Neither of them touched her. Perhaps it was her pregnancy. Perhaps they were just not sure of her. Part of her, glad to be free of the grubby attentions of Cahl, relished not having to share her body with anybody else. But part of her, more calculating, regretted it. She had no real understanding of what this place, this Cata Huuk, would be like. But she suspected her best chance of surviving was to bind herself to Keram or Muti.

So she made sure that each evening and morning, as she cast off her shift, she showed them her body; and she was aware of how, when he thought she was not looking, Keram’s gaze followed her.

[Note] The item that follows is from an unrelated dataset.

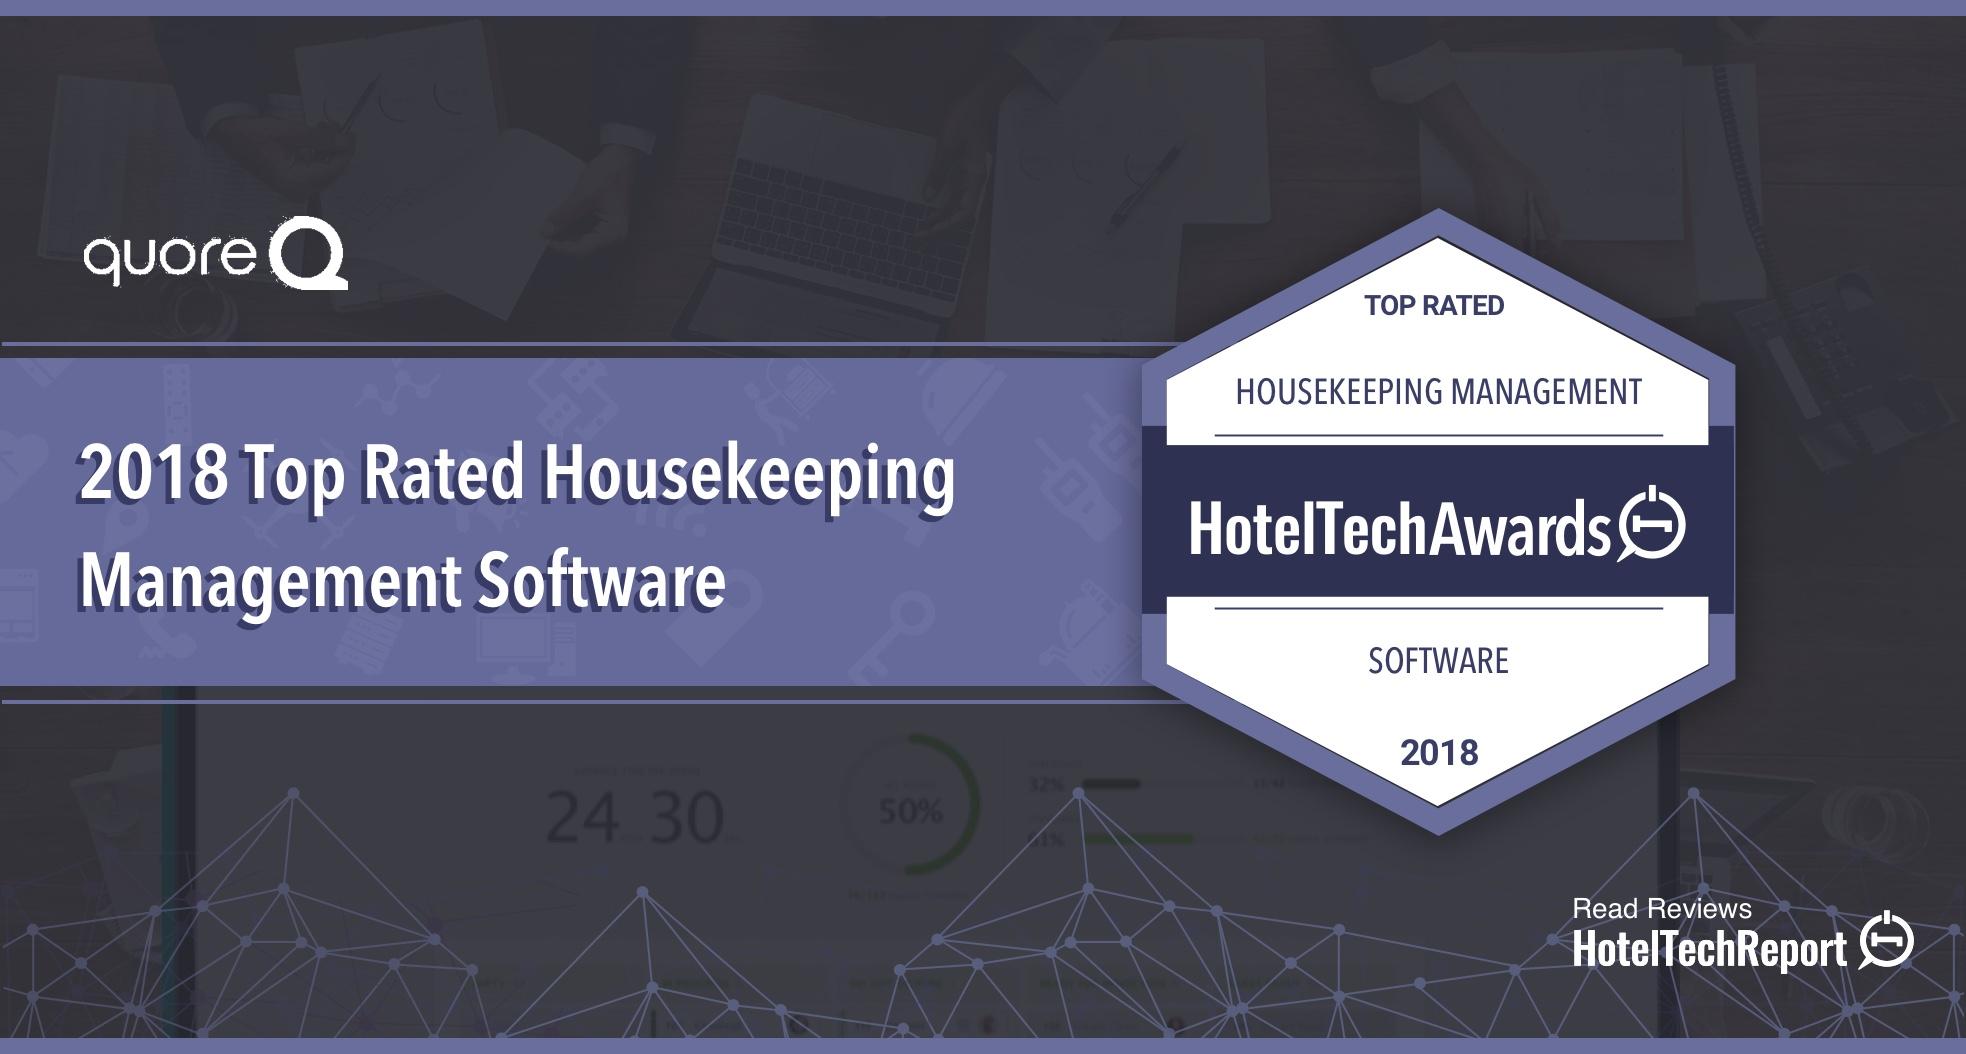 quore-hotel-tech-awards-post2x.jpg
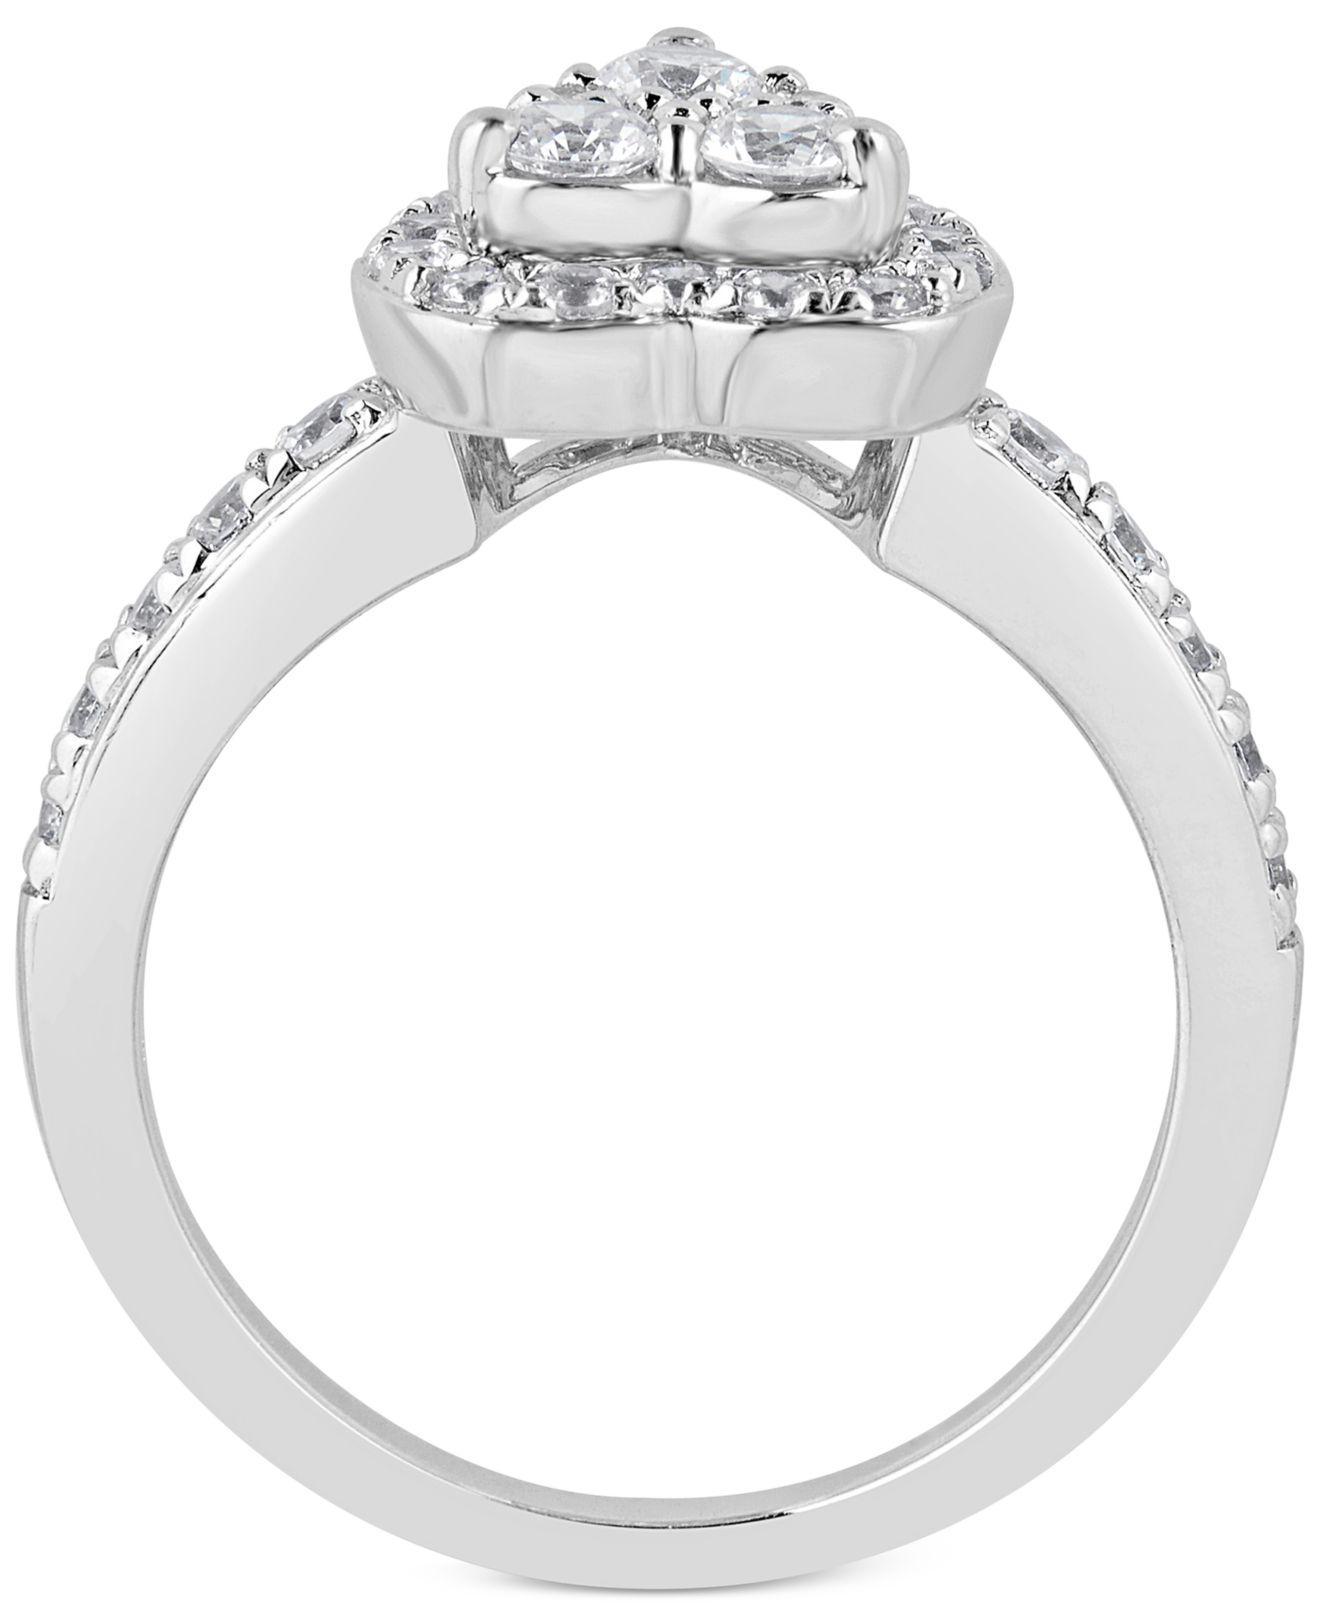 Macy s Diamond Heart Halo Bridal Set 1 1 4 Ct T w In 14k White

As they walked on, the landscape became more crowded with fields and towns. No trees grew here, though there were stumps and patches of burned-out forest. There was no open land at all, in fact, save for worthless rocky land or marshes. There were only fields, and patches of land that had clearly once been plowed but were now abandoned, useless, exhausted. Soon there was scarcely a footfall she could make without stepping into the track of somebody who had been here before. The extent to which these swarming people had remade the world oppressed her.

And at last they reached Cata Huuk itself.

The first thing Juna saw was a wall. Made of mud bricks and straw, it was a great circular barrier that must have been as high as three people standing on each other’s shoulders, and it bristled with spikes. Outside the wall there was a great ring of shabby huts and lean-tos made of mud and tree branches. The wall was so wide it seemed to cut the land in half.